===== Dataset

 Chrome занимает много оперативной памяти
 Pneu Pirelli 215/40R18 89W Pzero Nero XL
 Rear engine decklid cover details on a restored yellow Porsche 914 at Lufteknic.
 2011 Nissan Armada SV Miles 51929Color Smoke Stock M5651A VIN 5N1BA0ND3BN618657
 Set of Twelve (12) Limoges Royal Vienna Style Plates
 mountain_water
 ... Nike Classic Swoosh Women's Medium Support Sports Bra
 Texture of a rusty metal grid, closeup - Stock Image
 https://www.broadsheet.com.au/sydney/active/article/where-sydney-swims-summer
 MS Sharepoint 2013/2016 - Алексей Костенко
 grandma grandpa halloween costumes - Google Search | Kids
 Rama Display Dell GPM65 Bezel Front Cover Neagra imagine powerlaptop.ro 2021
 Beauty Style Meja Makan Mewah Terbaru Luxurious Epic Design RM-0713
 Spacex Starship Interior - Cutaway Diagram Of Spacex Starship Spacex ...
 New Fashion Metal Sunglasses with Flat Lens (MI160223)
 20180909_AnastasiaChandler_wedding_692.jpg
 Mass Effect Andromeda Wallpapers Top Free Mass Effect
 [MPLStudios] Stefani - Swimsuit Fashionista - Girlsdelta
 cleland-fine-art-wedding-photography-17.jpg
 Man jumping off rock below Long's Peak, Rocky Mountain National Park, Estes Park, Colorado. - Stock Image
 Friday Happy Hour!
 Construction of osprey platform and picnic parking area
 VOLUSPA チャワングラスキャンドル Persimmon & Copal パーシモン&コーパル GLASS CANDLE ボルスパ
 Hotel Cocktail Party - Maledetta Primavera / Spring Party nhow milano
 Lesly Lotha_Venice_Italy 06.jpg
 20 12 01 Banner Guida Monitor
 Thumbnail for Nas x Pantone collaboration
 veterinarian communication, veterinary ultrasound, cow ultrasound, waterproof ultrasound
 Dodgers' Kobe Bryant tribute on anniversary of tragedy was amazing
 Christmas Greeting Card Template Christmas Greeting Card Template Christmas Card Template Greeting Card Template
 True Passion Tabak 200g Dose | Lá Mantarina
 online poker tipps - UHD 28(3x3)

==========

» What this task involves
The output should consist only of the lines from the one with "Beauty Style Meja" through the final line of the records above, exactly.

» Task result
 Beauty Style Meja Makan Mewah Terbaru Luxurious Epic Design RM-0713
 Spacex Starship Interior - Cutaway Diagram Of Spacex Starship Spacex ...
 New Fashion Metal Sunglasses with Flat Lens (MI160223)
 20180909_AnastasiaChandler_wedding_692.jpg
 Mass Effect Andromeda Wallpapers Top Free Mass Effect
 [MPLStudios] Stefani - Swimsuit Fashionista - Girlsdelta
 cleland-fine-art-wedding-photography-17.jpg
 Man jumping off rock below Long's Peak, Rocky Mountain National Park, Estes Park, Colorado. - Stock Image
 Friday Happy Hour!
 Construction of osprey platform and picnic parking area
 VOLUSPA チャワングラスキャンドル Persimmon & Copal パーシモン&コーパル GLASS CANDLE ボルスパ
 Hotel Cocktail Party - Maledetta Primavera / Spring Party nhow milano
 Lesly Lotha_Venice_Italy 06.jpg
 20 12 01 Banner Guida Monitor
 Thumbnail for Nas x Pantone collaboration
 veterinarian communication, veterinary ultrasound, cow ultrasound, waterproof ultrasound
 Dodgers' Kobe Bryant tribute on anniversary of tragedy was amazing
 Christmas Greeting Card Template Christmas Greeting Card Template Christmas Card Template Greeting Card Template
 True Passion Tabak 200g Dose | Lá Mantarina
 online poker tipps - UHD 28(3x3)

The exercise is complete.